Issue with USB MIDI failing over time when using usbMIDI.sendRealTime

zenbob - on the PC can you close and restart the PC plotting app without disturbing the Teensy? Or at least resize it or make some adjustment that would leave it running but cause it to flush its stored log data for the signal?

On your PC did you have TaskManager open to the Processes or Performance tabs and monitor GPU performance - if your PC has an active GPU unit? Paul will likely do that on his next run as it may show a spike to explain his fan powering up at the time of the stoppage.

If no GPU perhaps on the Performance tab with CPU selected right click on the graph and enable 'Show kernel times' - it may show increased activity.
 
I'm starting another test, this time with the USB protocol analyzer and a frequency counter connected to pin 13.

freq.jpg

When the problem happens again, I *really* want to see if this is still 4 Hz, or changes relative to what Windows sees.


It sounds like Windows enters into the 'condition' not Teensy.

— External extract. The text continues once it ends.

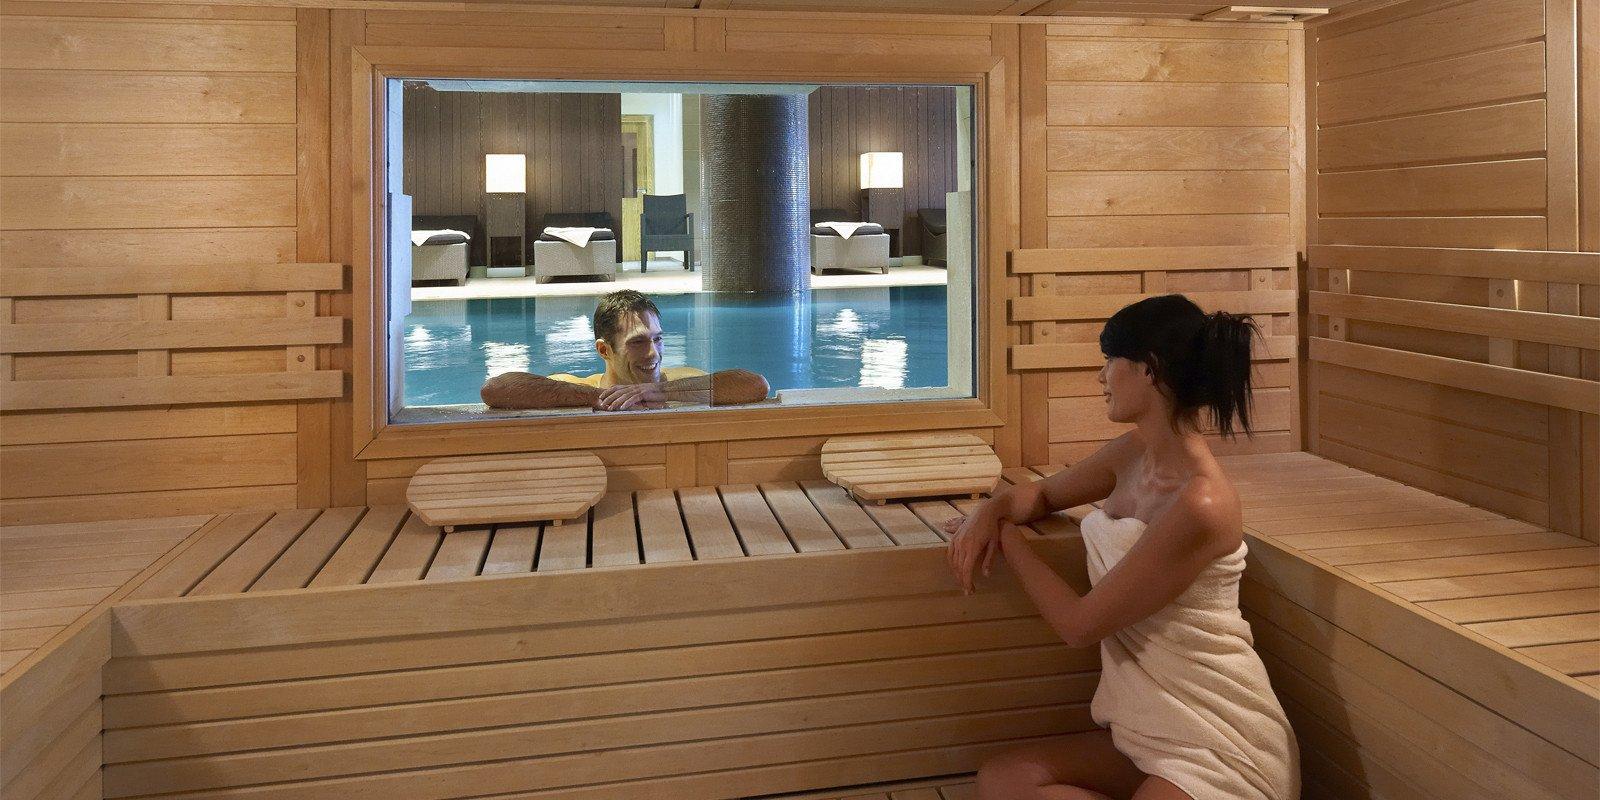 Devi Costruire Il Bagno Turco O La Sauna Finlandese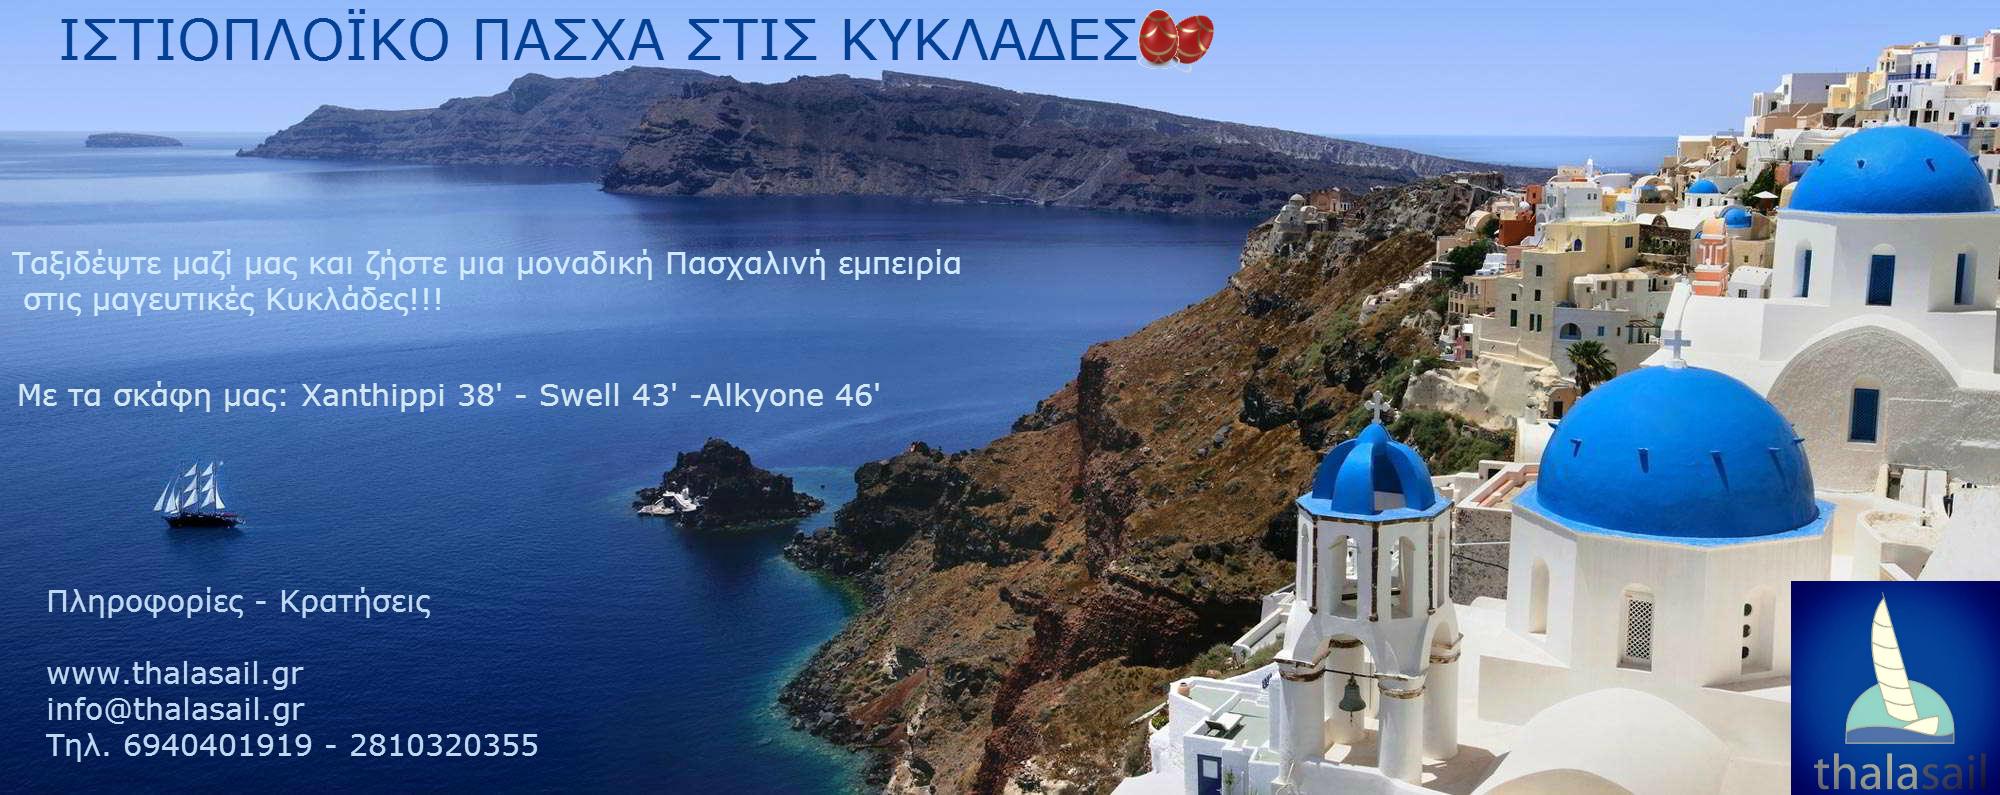 greciaνες2346fgn

Certainly some of the evidence looks that way, but I'm not ready to blame everything on Microsoft just yet...
 
Here's the test hardware.

DSC_0199_web.jpg

The laptop is a 2011 Macbook Pro (i7-2760QM & 2.4 GHz, 8GB RAM) which dual boots between MacOS and Windows. It's running Windows 10, version 1803 (OS Build 17134.228)

My Linux desktop (i7-8086K @ 4 GHz, 64GB RAM) is running the protocol analyzer software to log all the communication, so the logging doesn't place any load on the Windows machine.
 
Did you find and enable the GPU column in TaskMan? Assuming the MacBook has a GPU unit to monitor independently that might show spike on that App.
 
Here's what the USB communication looks like when it's working. This is after running about half an hour.

sc.jpg

The 2 highlighted lines are the Note-off messages the code sends with:

Code:
  if ((gMIDI_Count + 18) % 24 == 0) { // 18 is 75% (of 24) gate time
    usbMIDI.sendNoteOff(67, 0, 1, 0);
    usbMIDI.sendNoteOff(67, 0, 1, 1);
    usbMIDI.sendNoteOff(67, 0, 1, 2);
    usbMIDI.sendNoteOff(67, 0, 1, 3);
    usbMIDI.send_now();
    //Serial.println(F("Stop Note..."));
  }

If you look at the timestamps, 34:56.826.668 and 34:57.326.721, they're almost exactly 0.5 second apart. The timing looks very good.

Likewise, if you subtract any 2 timestamps from the many real-time clock messages (the packets with 0F F8... data), they're all about 20 to 21 ms apart.
 
Defragster - wrt to the monitoring app, it hasn't mattered if the app is running or not, or which app is used to monitor. In other words, for MIDI it doesn't seem to matter if we "consume" the data in Windows. Besides MIDIClock, we've used MIDI-OX and various Windows MIDI instruments such as DEXED and Arturia instruments to observe behavior. We've tried lots of permutations but the only thing with an observable effect is opening a serial terminal which causes it to recover briefly.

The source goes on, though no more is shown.